# 1988 Schwinn Traveler...just got it...



## HARPO

Like I had stated in an earlier Post, my collection is like the ocean tides. I sold a 1956 Rudge on Friday, and then bought this on Saturday. What a disease, lol.

Anyway, the bike is my frame size, and is 100% original, right down to the dried out tires. (_Took this quick photo in my house as it's pouring outside_). It appears that the bike had hardly any road time, and there's barely a scratch on it. Wheels are pretty straight and all is smooth in the way of braking. I haven't even ridden it! Middle of the road Schwinn, but the condition, frame size and color is what made me buy it...along with the fact I got it for $80.

Photos to come of closeups, but it's basically a time capsule. I'll have it standing next to my 1988 Schwinn Premis in no time! And this one, like the Premis, was made in the Gainsville plant, so it's the last year of an American made Schwinn. It also has the Made In USA decal on it.


----------



## HARPO

Well, now that my glasses are on, more detailing than I had thought. As is, though, it rides pretty nice for a short ride down the street. Glad the tires didn't explode...


----------



## HARPO

A few more Before shots...and it has the fluted alloy seat post. Nice 12 speed with the Light Action Shimano components.


----------



## Sven

Great score!


----------



## HARPO

Now that the Fuji del Ray is finished, I managed to get this one done also. I just need to replace the saddle with one I have, but I'm not quite sure which one just yet. I took it for a very short ride and was happy with how well it rode. I don't know what my expectations were, but they were exceeded. Smooth ride and easy, precise shifting into gears. I'll hang onto this one for a while.

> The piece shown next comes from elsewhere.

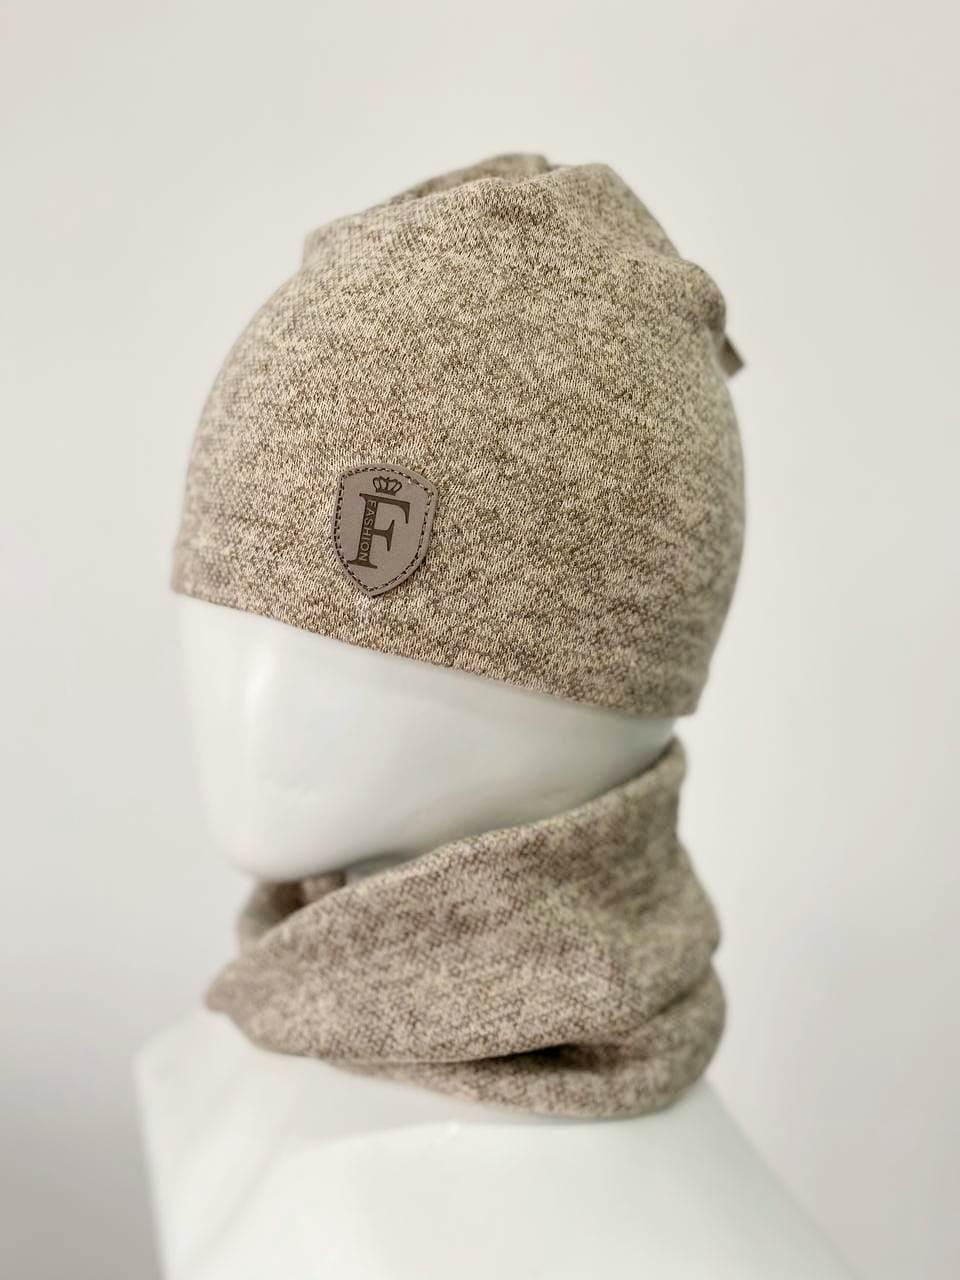 Трикотажний комплект(шапка+хомут)Ангора меланж беж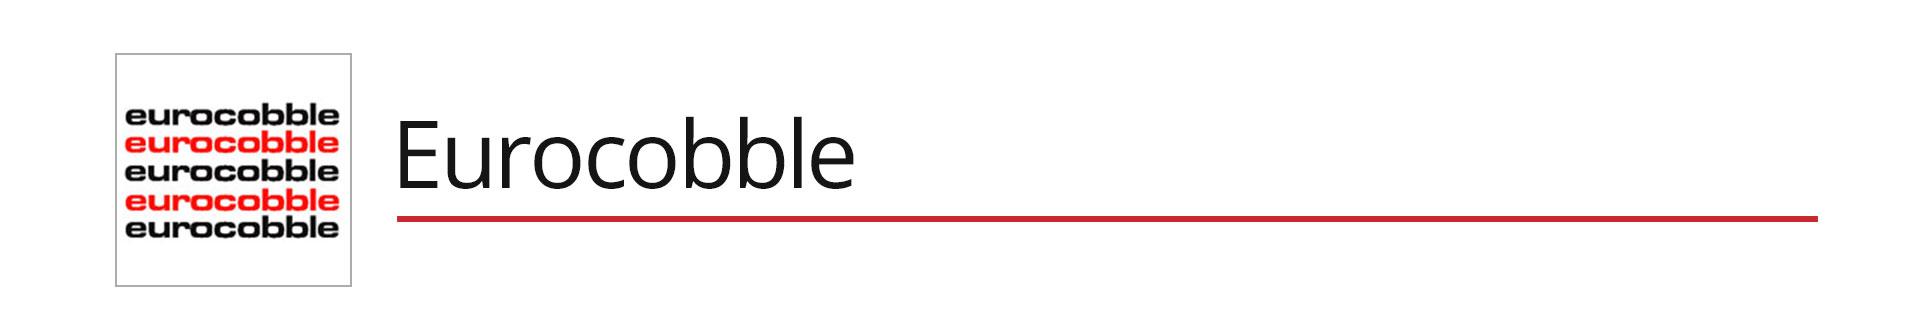 Eurocobble_CADBlock-Header.jpg

Next up will be the black Raleigh Sports I picked up a couple of weeks ago...


----------



## dweenk

I think Schwinn used the Traveler name a bit too much. Several years ago I bought a 3 speed World Traveler step through that was Electro-Forged and weighed about 43 pounds. I sold that and bought a Traveler 10 speed High-Tensile framed bike that weighed about 28 pounds (not a bad bike BTW). Then I bought a Traveler built with True Temper tubing that weighed about 24 pounds and gave it to friend.


----------



## HARPO

It's crazy how smooth a ride that this thing has. I was out on my Centurion Ironman Master this morning for a nice ride, so it was two different bikes in one day as a comparison. But the Traveler has such a nice feel to it, I can see myself putting a bit more miles on it than originally anticipated.


----------



## Heart-like-a-lion

I’m working on a Schwinn Traveler I got for free going to look good put $100 in to it soon it will be done passed picture will add picture when it’s done doesn’t look like that anymore


----------



## juvela

-----

Very nice; thanks for sharing this good find.  

Slightly odd that they selected an all steel pedal to mount to a cycle with otherwise all alloy components.

Fork appears it could be a ready made off-the-shelf item from one of the Nipponesque producers such an Tange or Akisu.

If anyone has repacked the headset on one of these machines would be curious to read how steerer marked.  Doubt it will read TrueTemper.

Thanks for posting.  

-----


----------



## bikerbluz

Nice bike. I think 88 was a good year for the Schwinn lightweights. I have a 53 and a 63; and there is an 83 for sale locally that looks all original. Have been on the fence about whether to pick it up for $60. Never had a Trutemper frame but have heard that it is nice steel. Harpo you always do so nice on your clean ups. Heart-like - a lion, looking forward to more pics of  yours.


----------



## Heart-like-a-lion

juvela said:


> -----
> 
> Very nice; thanks for sharing this good find.
> 
> Slightly odd that they selected an all steel pedal to mount to a cycle with otherwise all alloy components.
> 
> Fork appears it could be a ready made off-the-shelf item from one of the Nipponesque producers such an Tange or Akisu.
> 
> If anyone has repacked the headset on one of these machines would be curious to read how steerer marked.  Doubt it will read TrueTemper.
> 
> Thanks for posting.
> 
> -----



 Took everything off  the headset  Regreased it came out very nice


----------



## Heart-like-a-lion

Here’s another bike I did a few years back and sold for




 $400  85 prelude


----------



## Heart-like-a-lion

juvela said:


> -----
> 
> Very nice; thanks for sharing this good find.
> 
> Slightly odd that they selected an all steel pedal to mount to a cycle with otherwise all alloy components.
> 
> Fork appears it could be a ready made off-the-shelf item from one of the Nipponesque producers such an Tange or Akisu.
> 
> If anyone has repacked the headset on one of these machines would be curious to read how steerer marked.  Doubt it will read TrueTemper.
> 
> Thanks for posting.
> 
> -----



 Funny you were talking  about the pedals I took them off they are very heavy went with aluminum  pedals


----------



## Heart-like-a-lion

I also removed all sprocket bolts and crank bolts went stainless steel and aluminum No more rusting


----------



## juvela

Heart-like-a-lion said:


> Took everything off  the headset  Regreased it came out very nice




-----

Thank you.

So what were the steerer markings?

-----


----------



## Goldenrod

I ride my La Tour in a bike club.   Other people have spoke breaking problems, flat tires but lighter bikes.  I can keep up so what?  Schwinns are bulletproof.


----------



## Heart-like-a-lion

juvela said:


> -----
> 
> Thank you.
> 
> So what were the steerer markings?
> 
> -----



Sorry didn’t look


----------



## juvela

-----

Perhaps our klaxon blower shall repack his example.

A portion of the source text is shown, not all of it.